## Data block
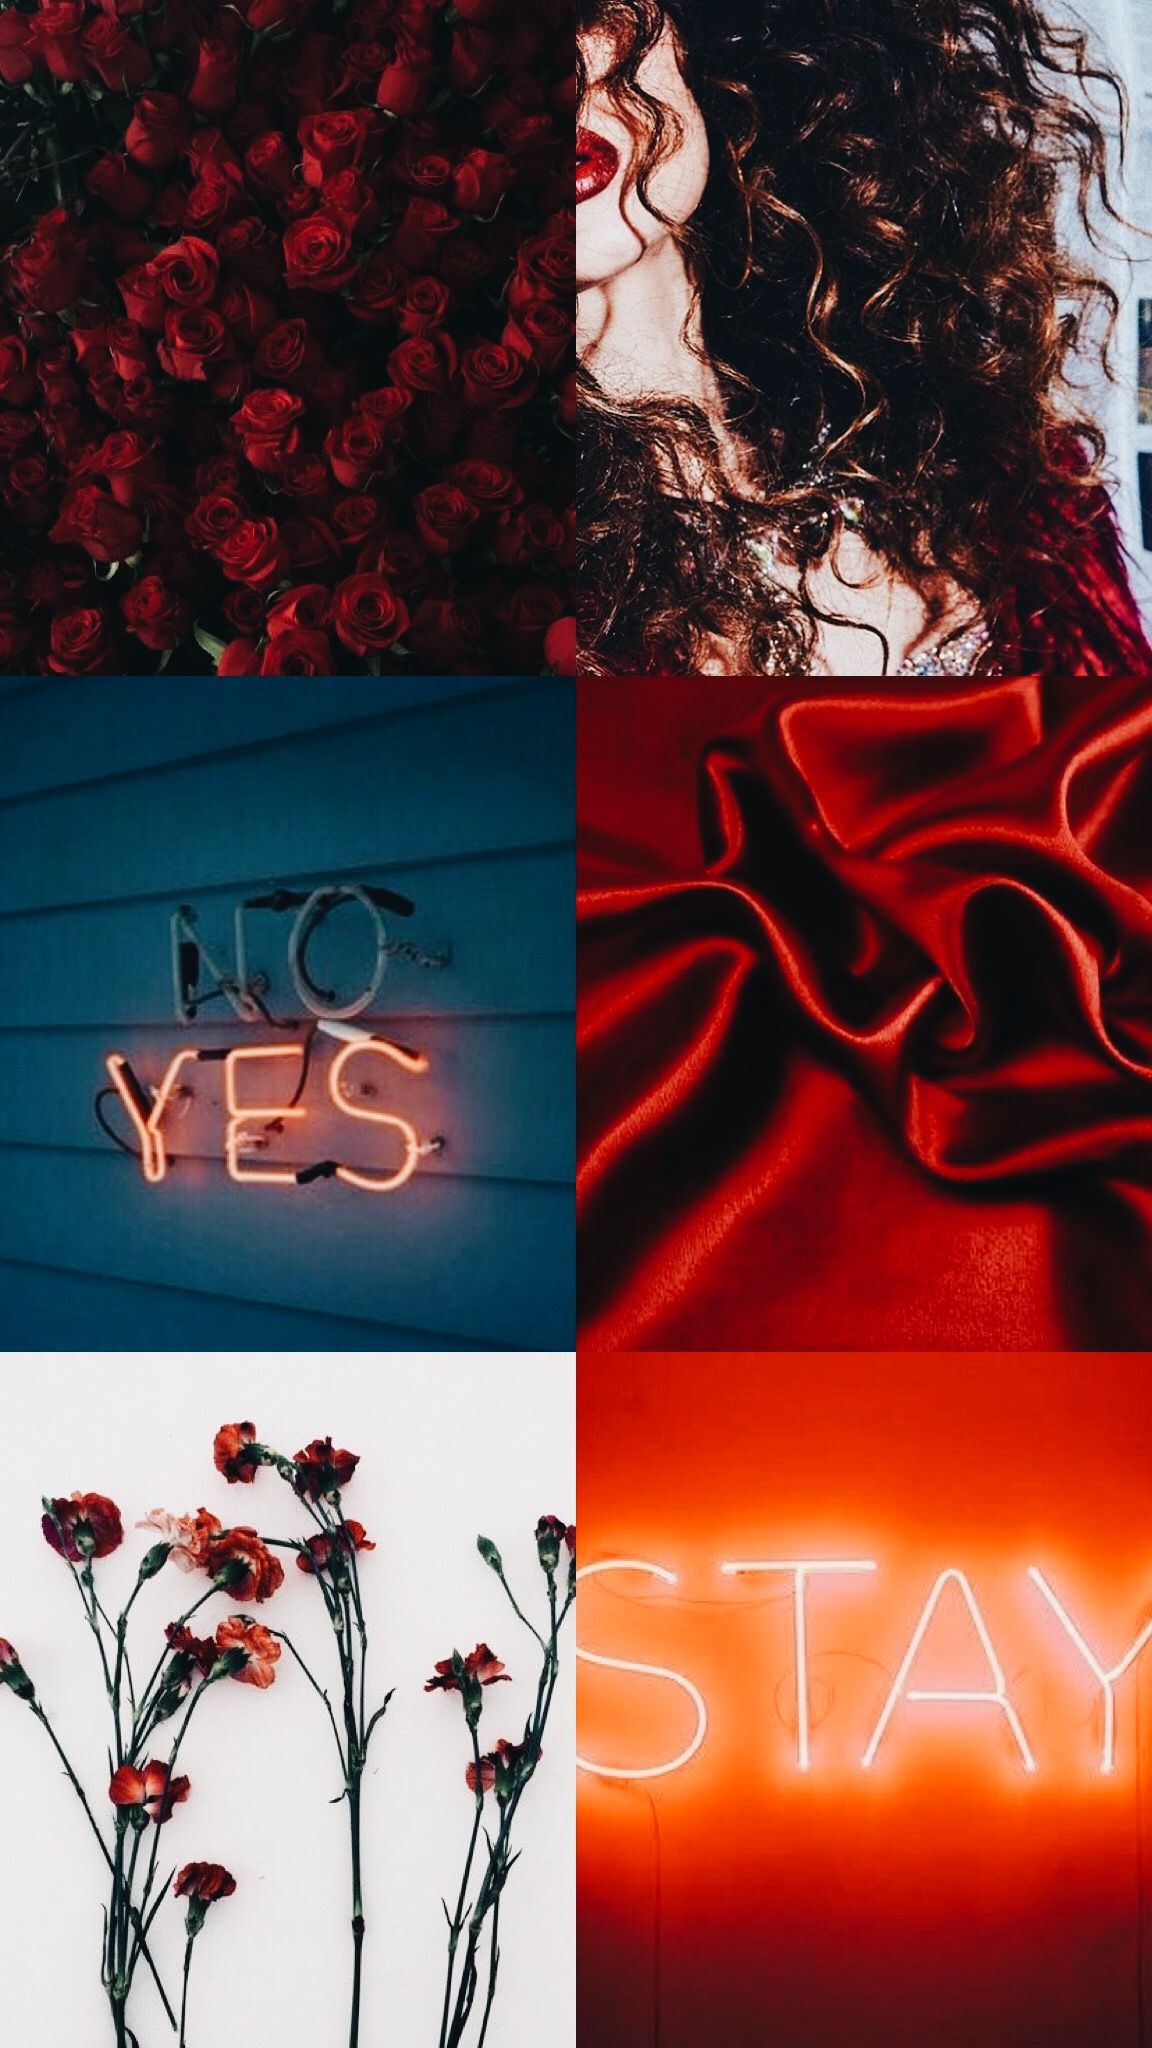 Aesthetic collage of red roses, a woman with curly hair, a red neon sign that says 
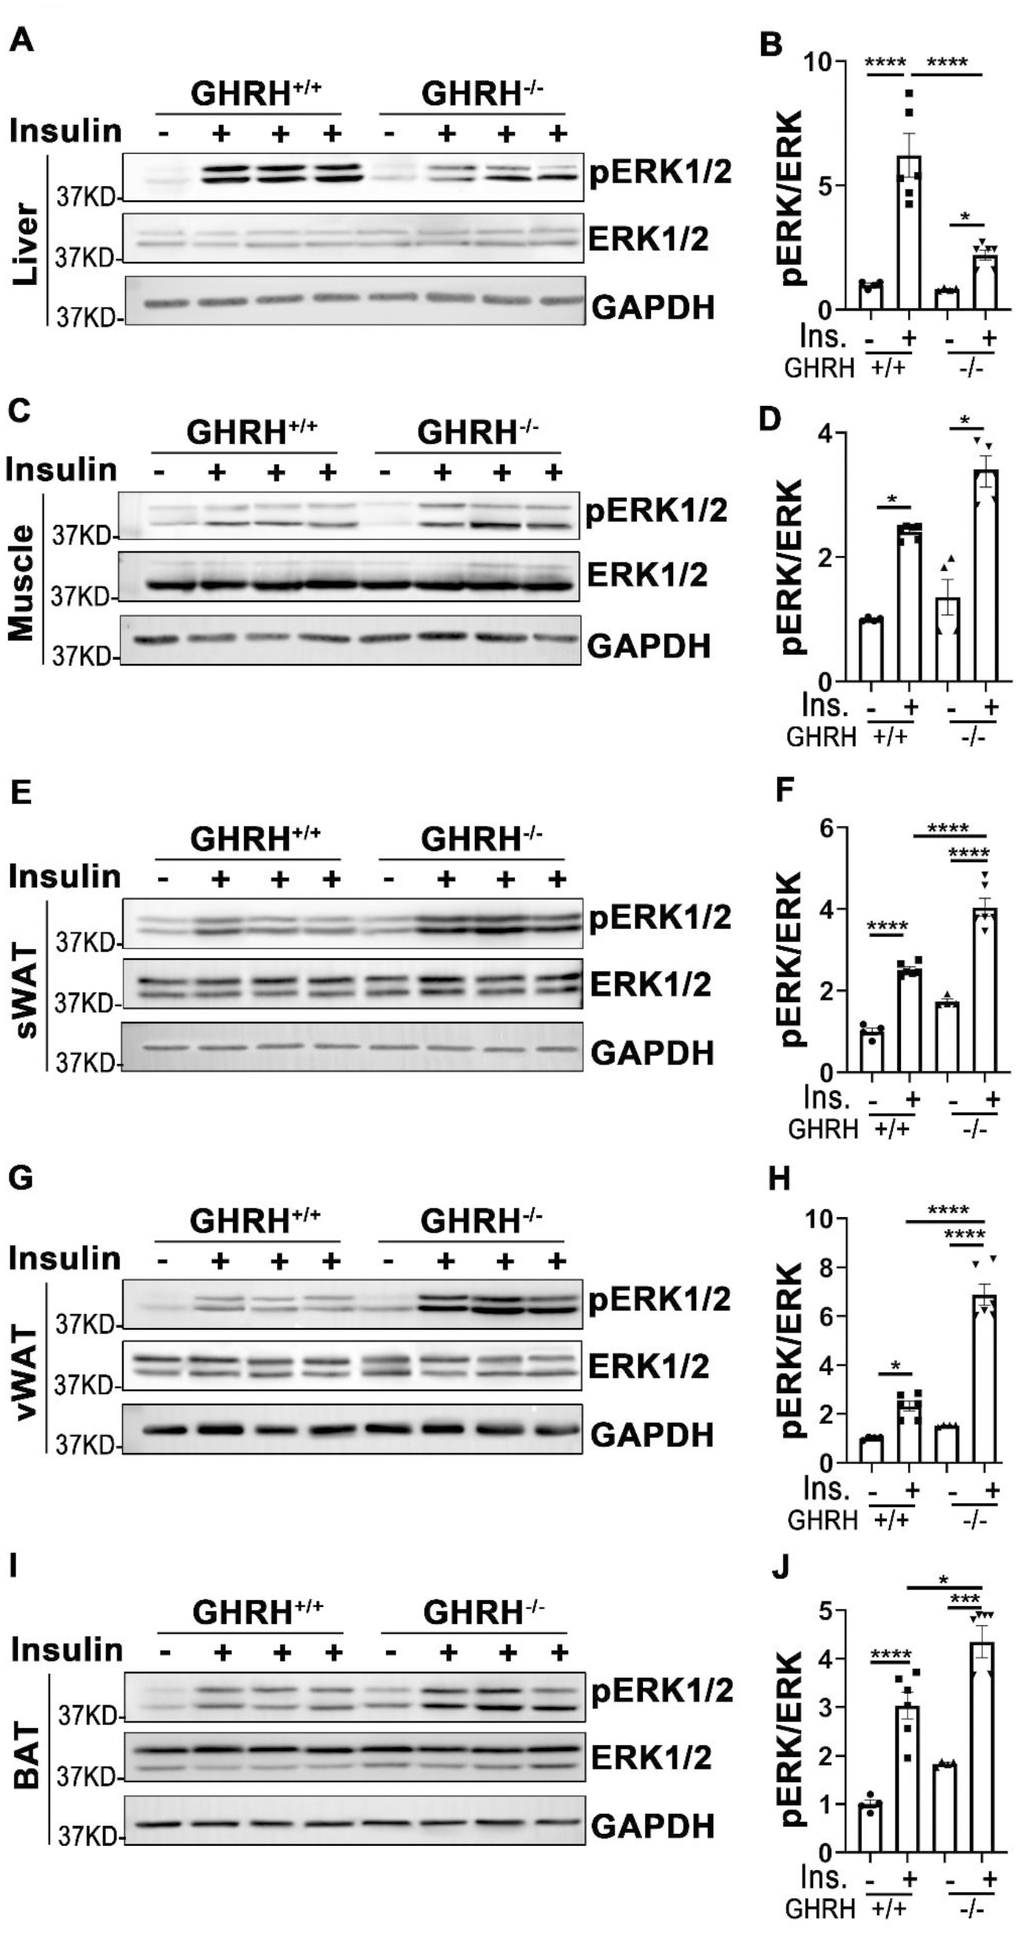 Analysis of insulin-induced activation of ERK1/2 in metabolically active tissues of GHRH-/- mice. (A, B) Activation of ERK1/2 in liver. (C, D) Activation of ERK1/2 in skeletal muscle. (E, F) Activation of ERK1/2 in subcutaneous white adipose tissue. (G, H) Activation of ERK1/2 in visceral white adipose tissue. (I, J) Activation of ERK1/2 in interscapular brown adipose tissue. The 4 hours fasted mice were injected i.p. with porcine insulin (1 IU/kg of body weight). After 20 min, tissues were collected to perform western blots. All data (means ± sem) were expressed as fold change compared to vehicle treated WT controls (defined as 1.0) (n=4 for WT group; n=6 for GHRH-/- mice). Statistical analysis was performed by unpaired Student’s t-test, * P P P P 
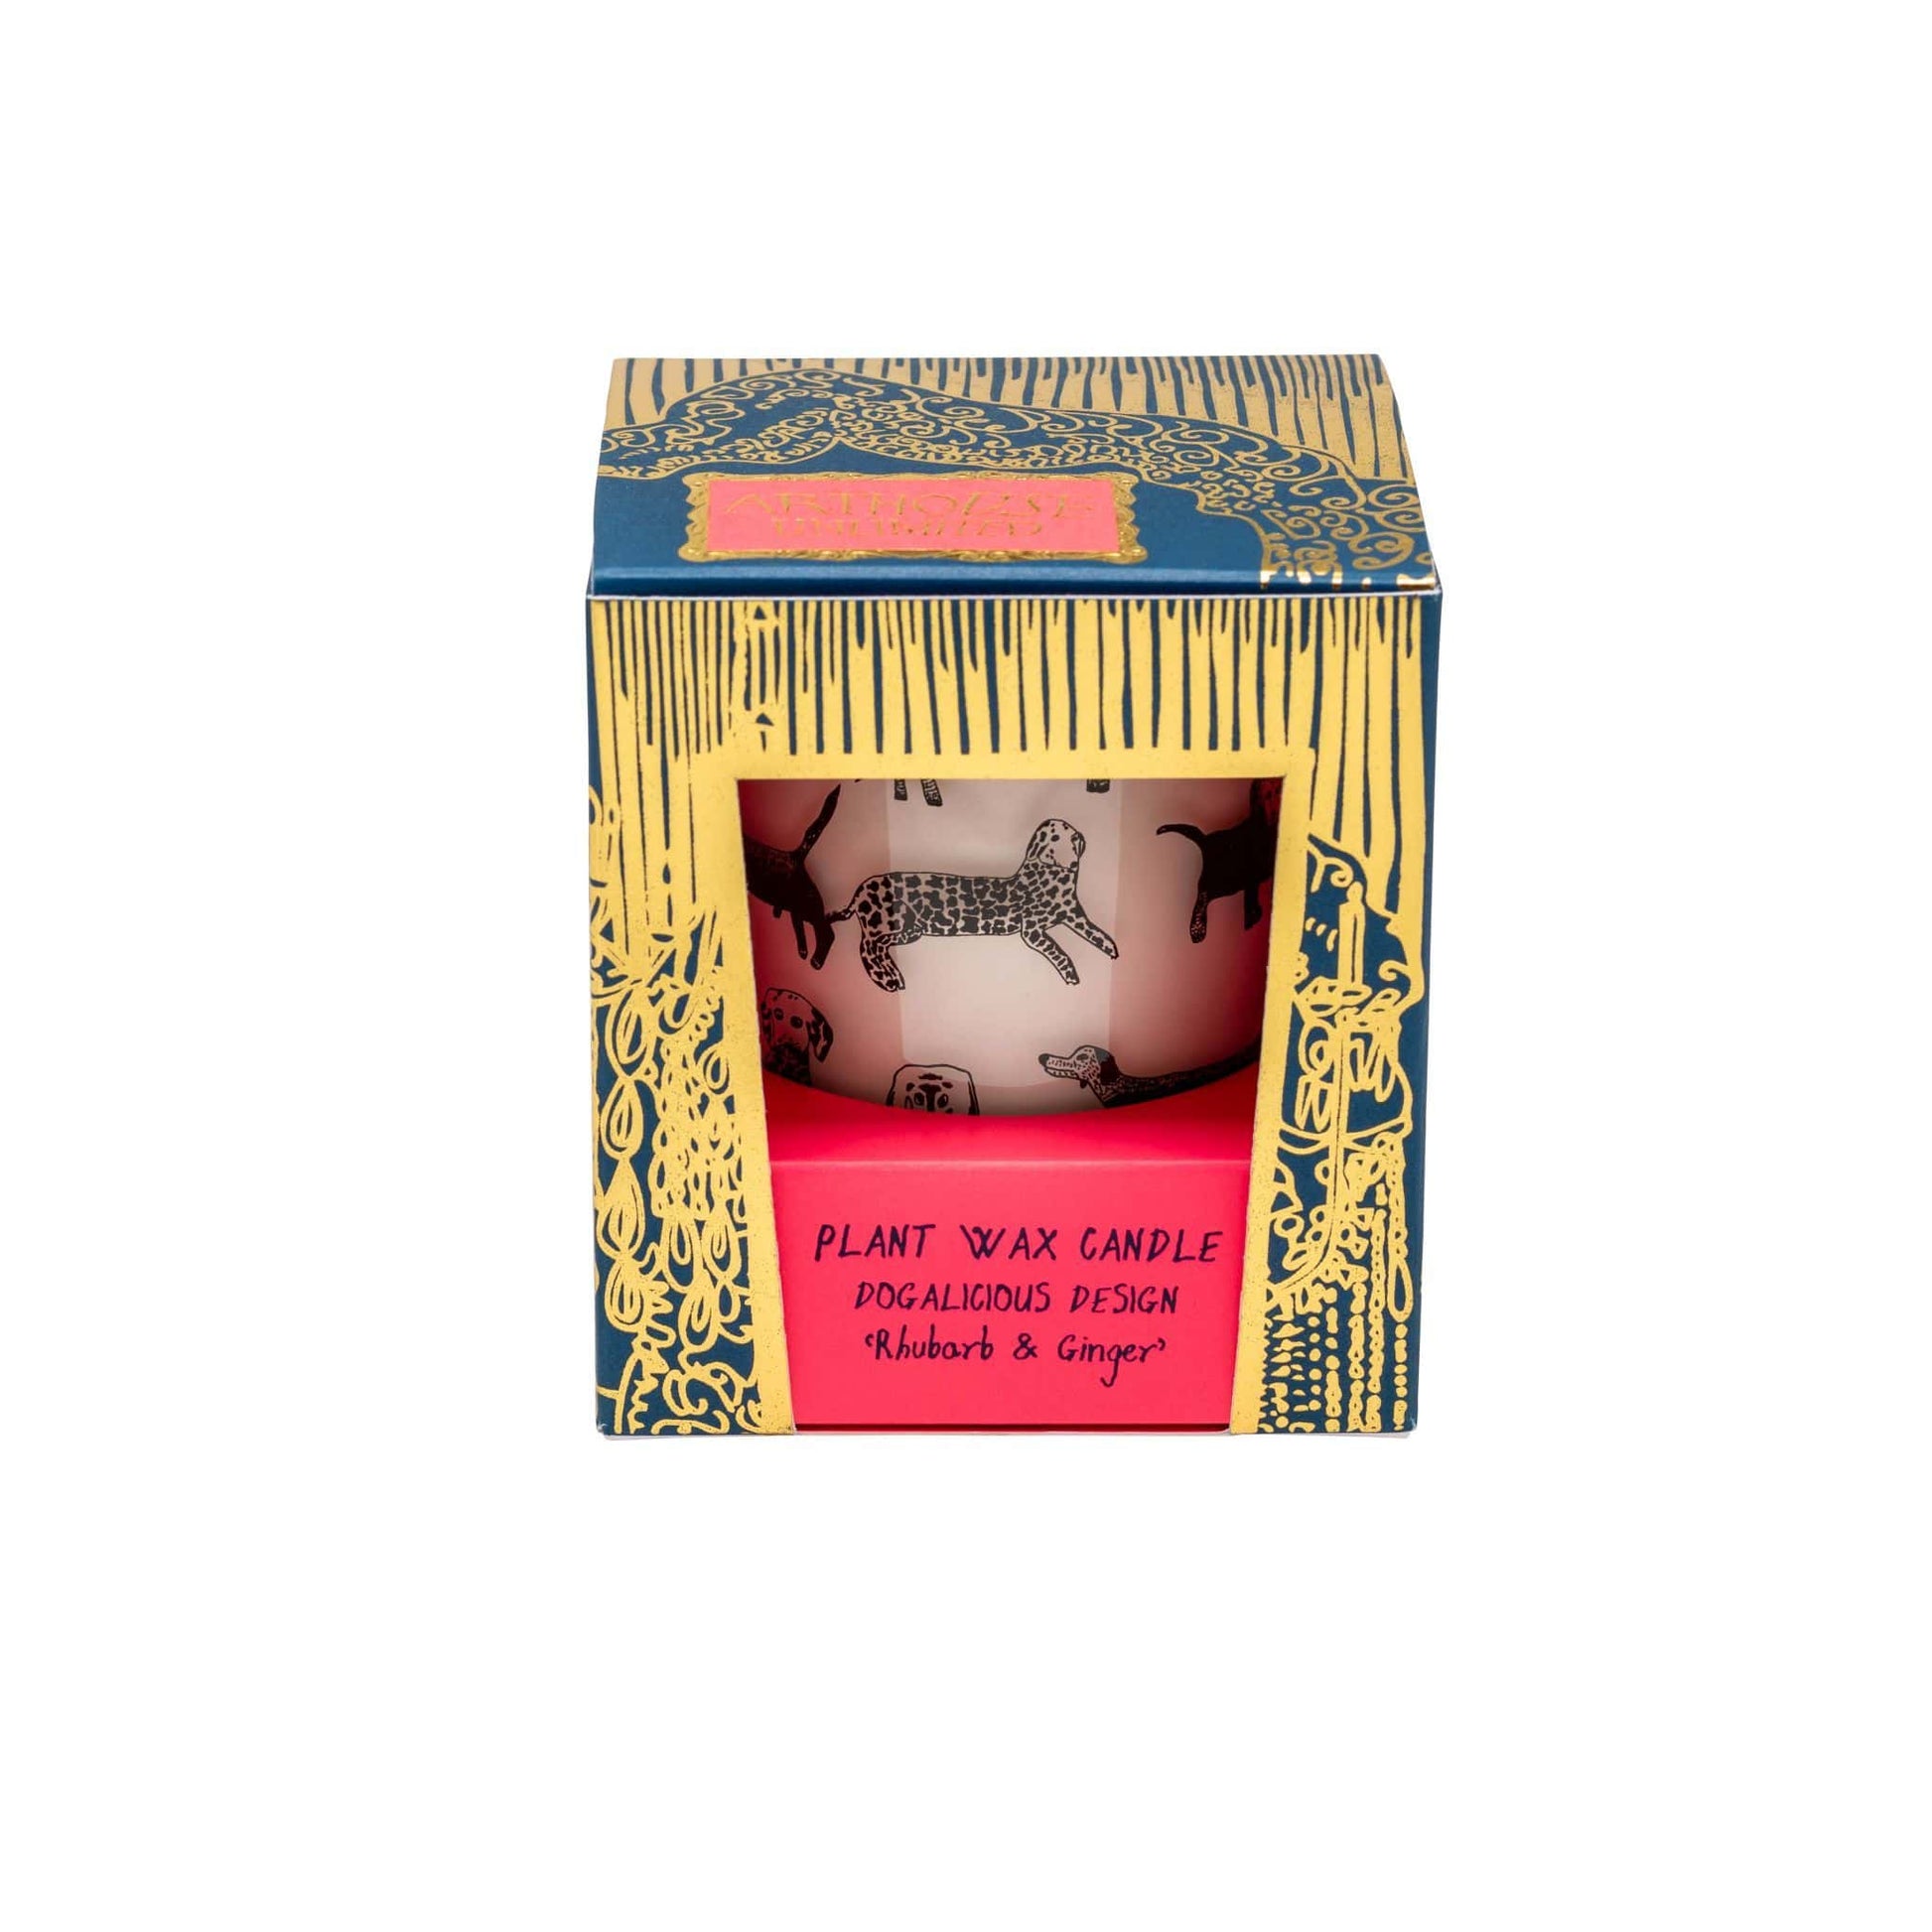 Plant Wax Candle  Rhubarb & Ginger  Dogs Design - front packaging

## What you need to do
Print out all the material word for word but exclude any images.

## Exercise response
 Aesthetic collage of red roses, a woman with curly hair, a red neon sign that says 
 Analysis of insulin-induced activation of ERK1/2 in metabolically active tissues of GHRH-/- mice. (A, B) Activation of ERK1/2 in liver. (C, D) Activation of ERK1/2 in skeletal muscle. (E, F) Activation of ERK1/2 in subcutaneous white adipose tissue. (G, H) Activation of ERK1/2 in visceral white adipose tissue. (I, J) Activation of ERK1/2 in interscapular brown adipose tissue. The 4 hours fasted mice were injected i.p. with porcine insulin (1 IU/kg of body weight). After 20 min, tissues were collected to perform western blots. All data (means ± sem) were expressed as fold change compared to vehicle treated WT controls (defined as 1.0) (n=4 for WT group; n=6 for GHRH-/- mice). Statistical analysis was performed by unpaired Student’s t-test, * P P P P 
 Plant Wax Candle  Rhubarb & Ginger  Dogs Design - front packaging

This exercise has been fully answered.